You have two options as your first step, you will need a GP referral to see a Fertility Specialist. However, you can talk to a Genea Fertility Advisor with no referral who can assist with making an appointment to see a GP that specialises in Fertility.
The Fertility Specialist will discuss with you your unique fertility situation and review any previous fertility tests and/or treatments you’ve had in the past. They will also take you through how the IVF process works and create a personalised treatment plan. The typical IVF treatment cycle can take around four weeks, depending on your unique situation.

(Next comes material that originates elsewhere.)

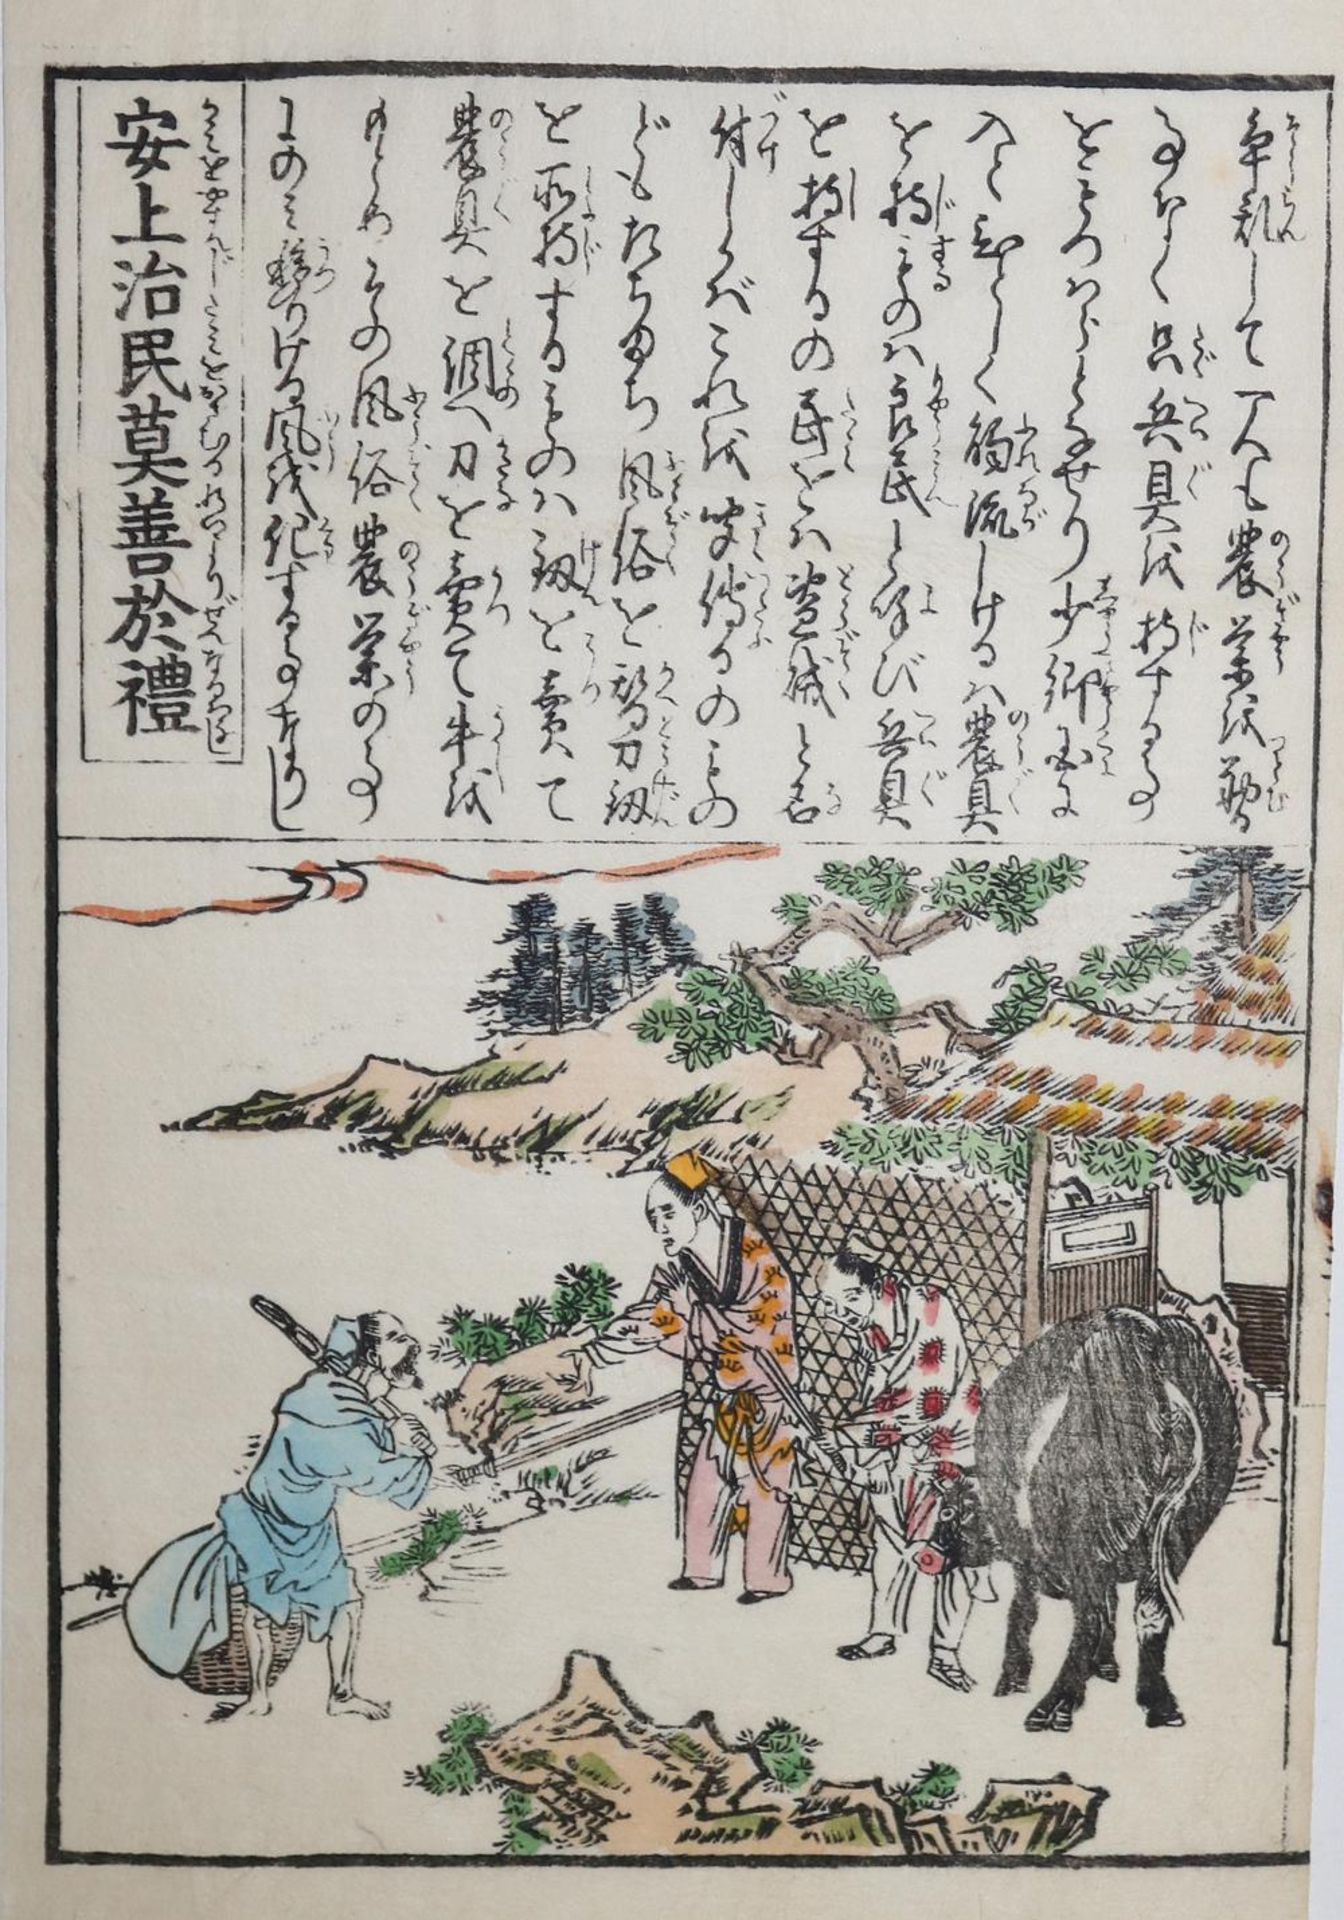 Kitao Masayoshi (auch Kuwagata, Keisai, 1764-1824).5 handkol. Buch-Holzschnitte. (Bunka 1814).
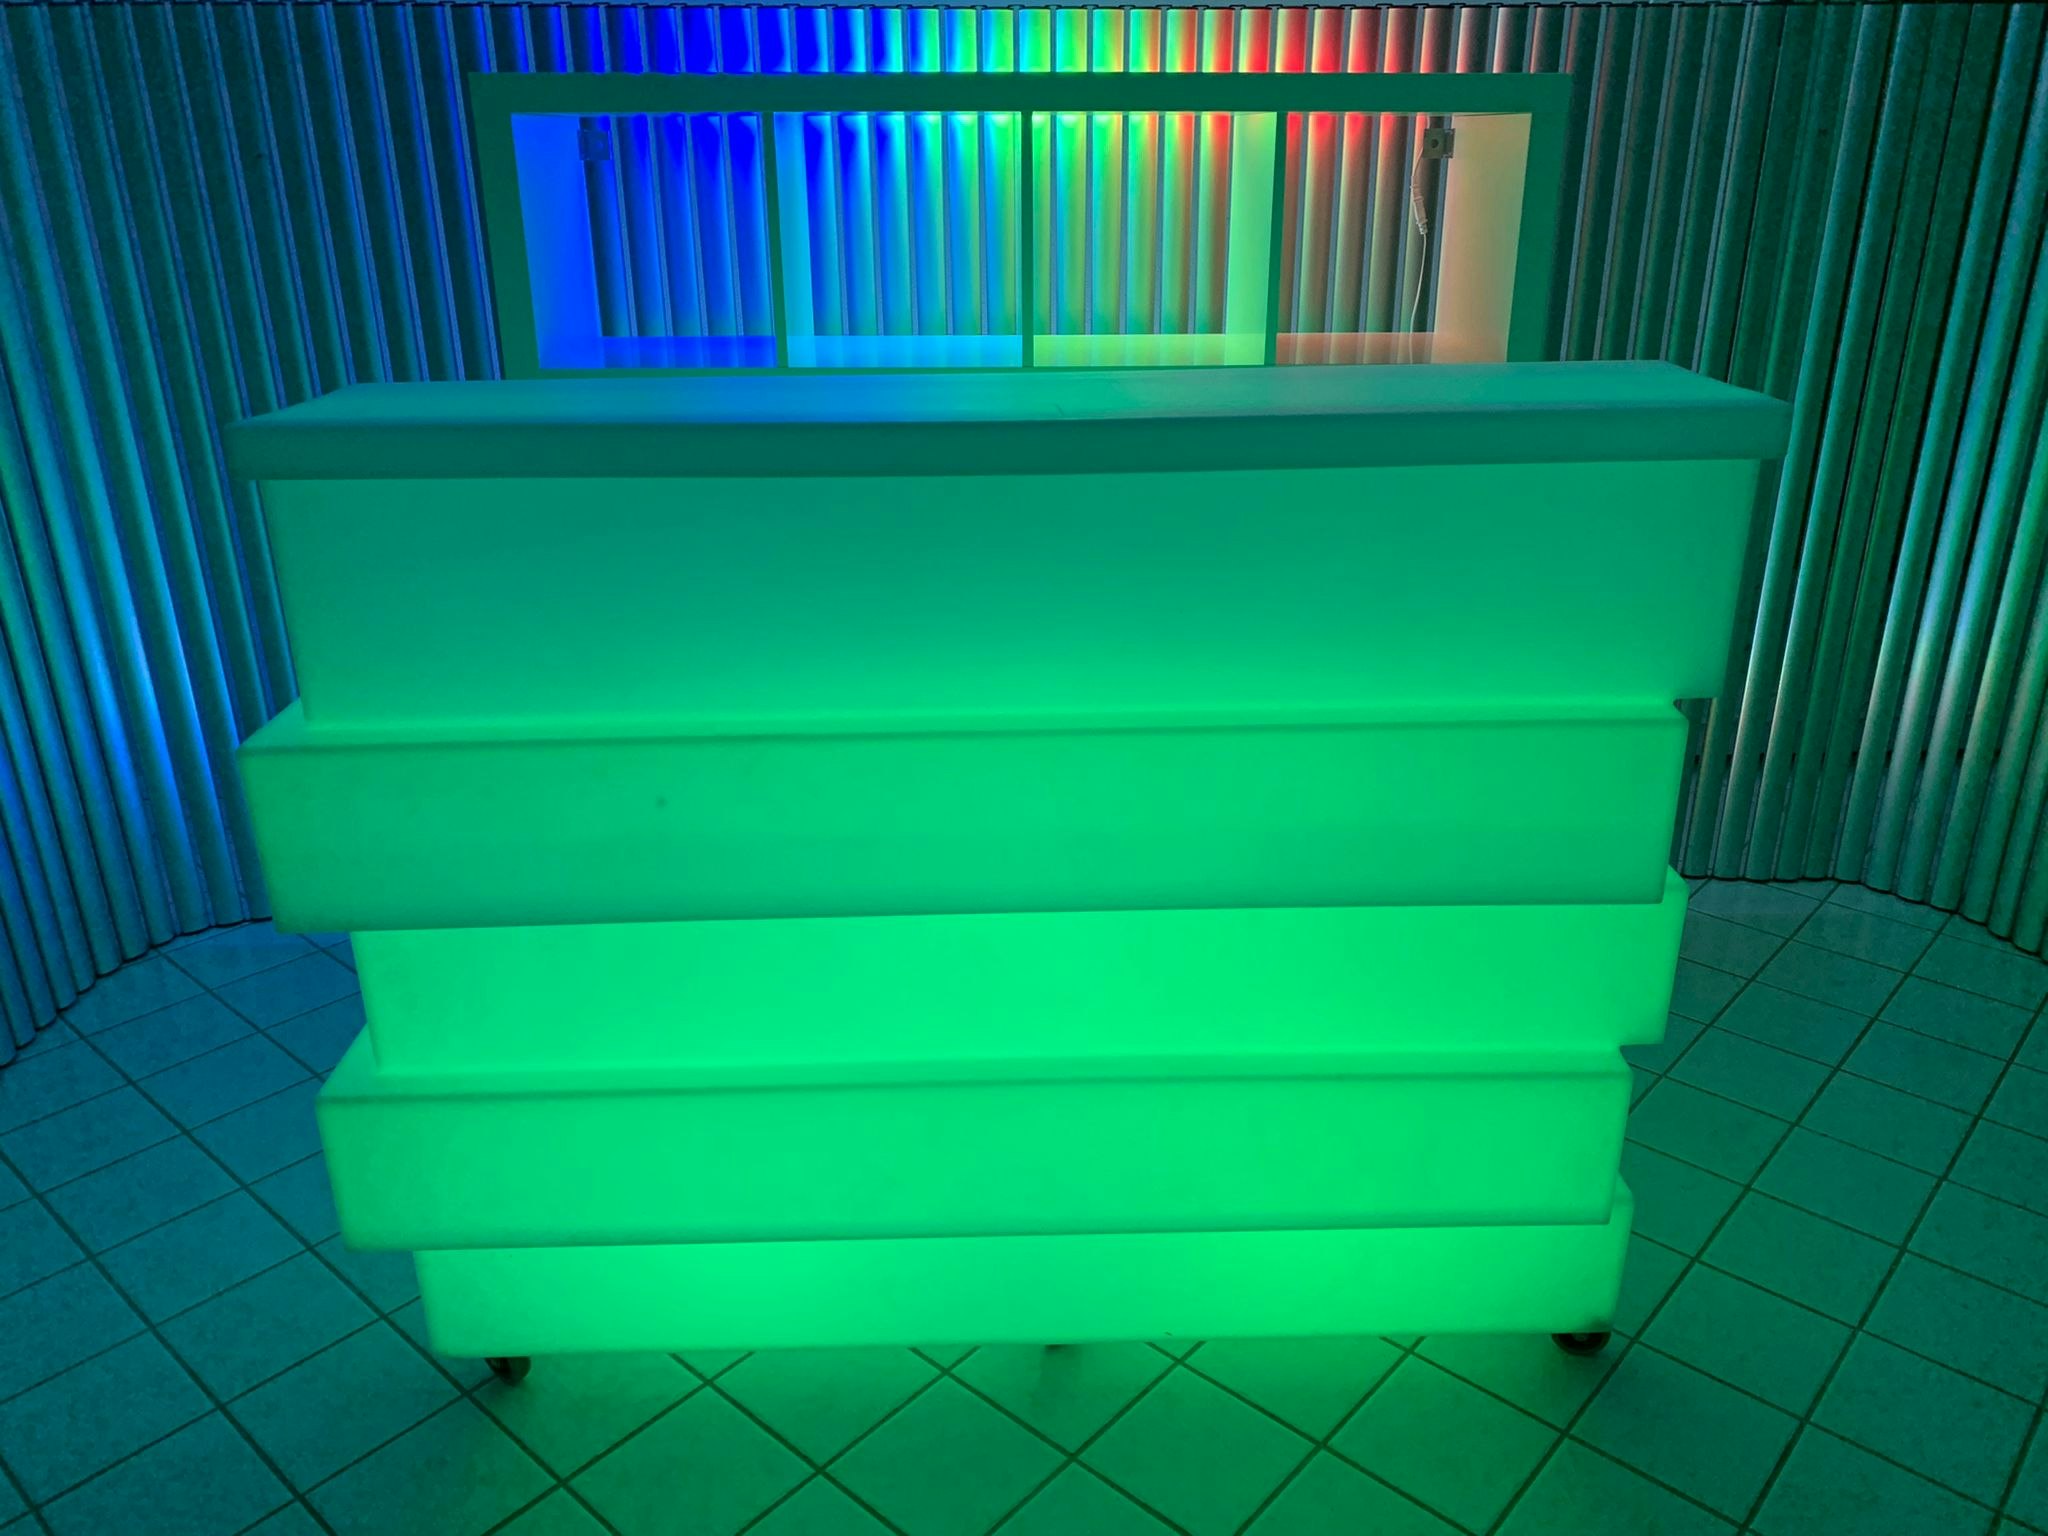 Hyr Pedrali Tetris bardisk med iskylare - Uppladdningsbar Multi LED

When it comes to success rates, it differs for each individual and their specific fertility situation. The Australian government has put together a useful tool to evaluate your potential success if you do decide to go down the IVF route. Each clinic also has its own success rates – so make sure you research your clinic and compare how they stack up!
Getting started
Once you begin your IVF journey – it will most likely start with some blood tests to check that your body is ready to start treatment. If they all come back normal, then it is time to start with your daily fertility medication. You will most likely be using a form of Follicle Stimulating Hormone (FSH). FSH is administered through a diabetic-style pen and it essentially puts your ovaries into overdrive mode – so they can produce more eggs than in a normal cycle.
As you continue to take fertility medication, you’ll keep having blood tests to measure your hormone levels, as well as an ultrasound to check in on how the follicles are growing.
Egg collection
Once your follicles have reached the best size, you’ll be scheduled for egg collection. Timing is a big deal when it comes to IVF – so your eggs will be collected just before ovulation would have occurred.
Your eggs are found using ultrasound and then collected through a small needle and the procedure only takes between 10-20 minutes. During the procedure, you’ll most likely just be put under light sedation and local anaesthetic – but if you’d prefer, you can request a general anaesthetic.
If you have a male partner who will be contributing to the baby-making – they’ll also provide a sperm sample on the same day.
Fertilisation
Now here’s where the magic gets well and truly underway – either your egg will be fertilised by sperm under the romantic glow of the lab light, or you may opt for something like ICSI (intracytoplasmic sperm injection).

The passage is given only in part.